I especially love the witty remark this woman makes as she takes a shot at Jesse James. The present day action and thriller flicks are indebted to lines like this from the Penny Dreadfuls, but typically, it seems to be the men that get to speak them. There's a delight here in the violence about to be committed that I don't believe was normally associated with women, even if they were allowed a role in the action.
"Then I simultaneously drew my pistol and bounded toward my horse, while giving utterances to an Apache yell." (Ch V)
Interesting that, as the detective is freed from his bonds and runs from the James brothers (who have discovered his deceit and are ready to kill him), he gives an Apache yell. If Deloria is right about whites "playing Indian" to get access to traits they associate with Native Americans, then what traits is the detective trying to access here? Rebellion? Obstinacy? The refusal to give up in the face of overwhelming odds?
I love that it's the figure of *law and order* who gives this yell here as he's freed. Perhaps, "civilization" needs its "savagery" if its to survive its own brutality--but then, that's not really the binary working here. I'd be better to say order must have its chaos if its own structures of good and evil are going to compete on more equal terms. After all, if the James brothers were as savage/brutal/evil as they seem to be proving themselves to be, then this detective should be as dead as those killed in Chapter 1, and good--or, at least, lawfulness--doesn't stand a chance.

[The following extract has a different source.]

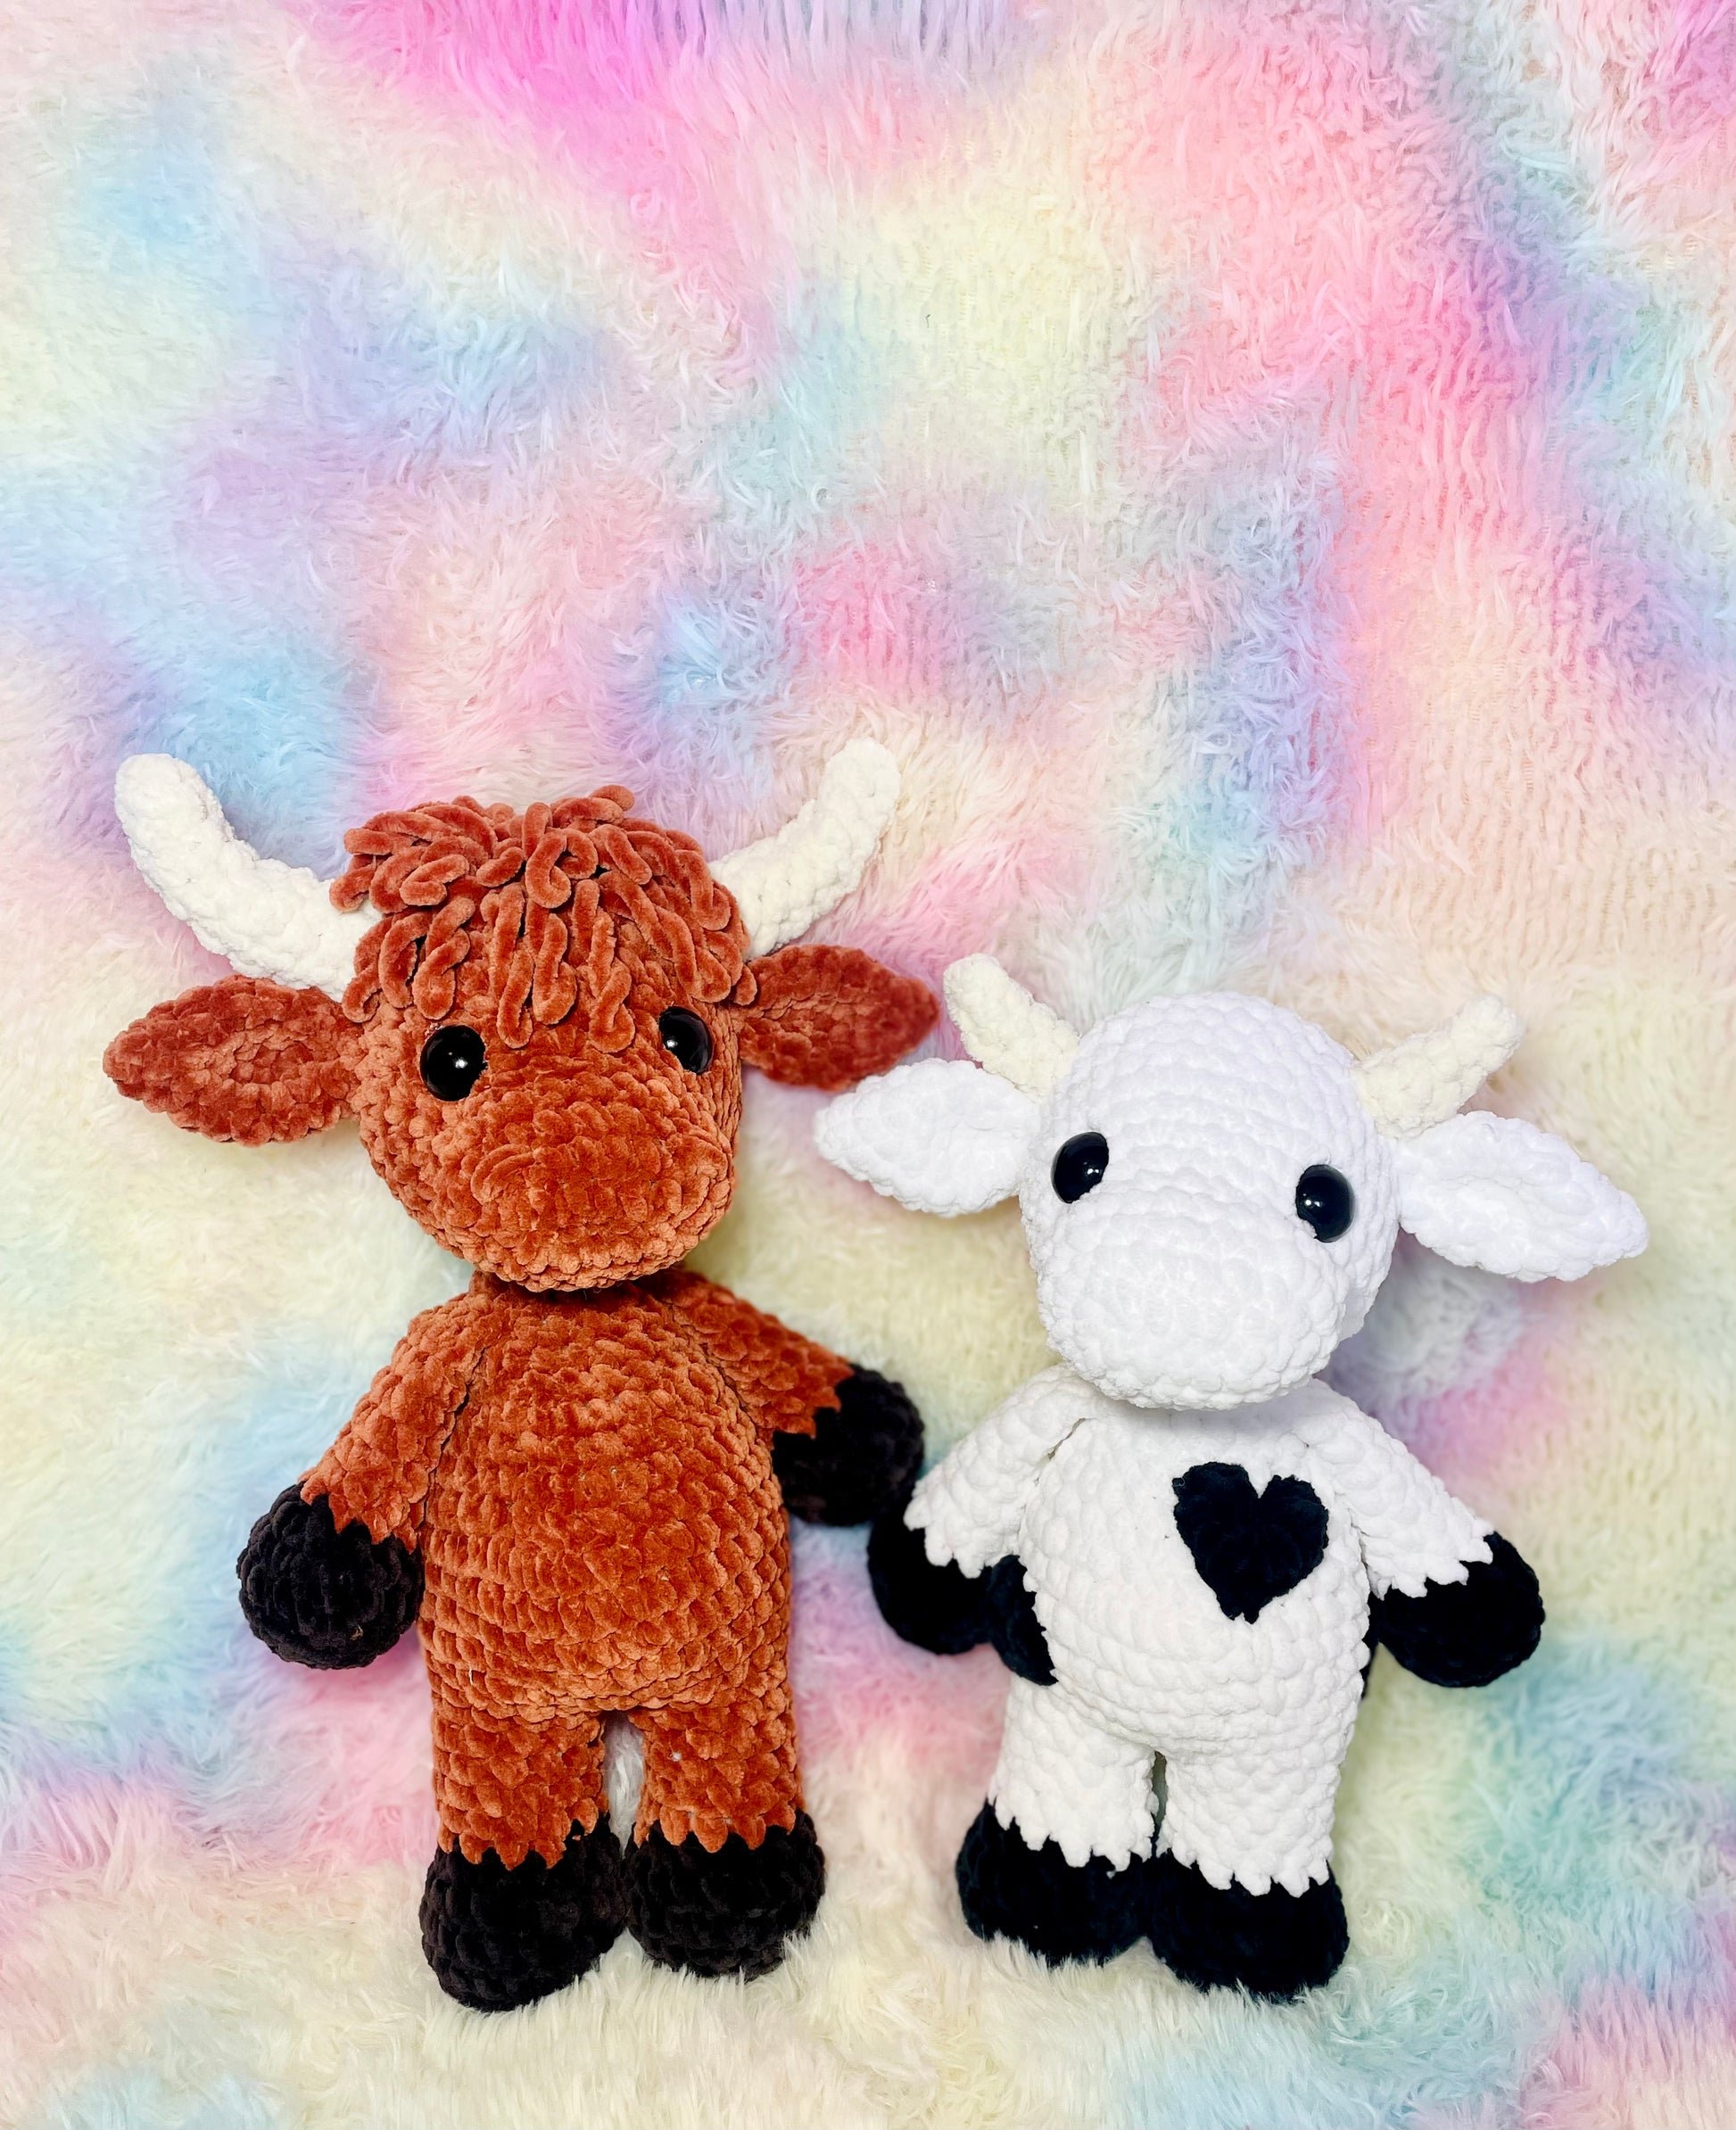 crochet cow and crochet yak

"Personally, I don't dislike you. I admire your boldness and decision of character, in spite of your crimes." (Narrator to Jesse James)
This strikes me as the crux of every relationship with a good western outlaw. Despite their savagery and brutality, there is something compelling about these figures. A good outlaw attracts us at the same time his actions repulse us. Is it this "boldness and decision of character" that make us fall in love?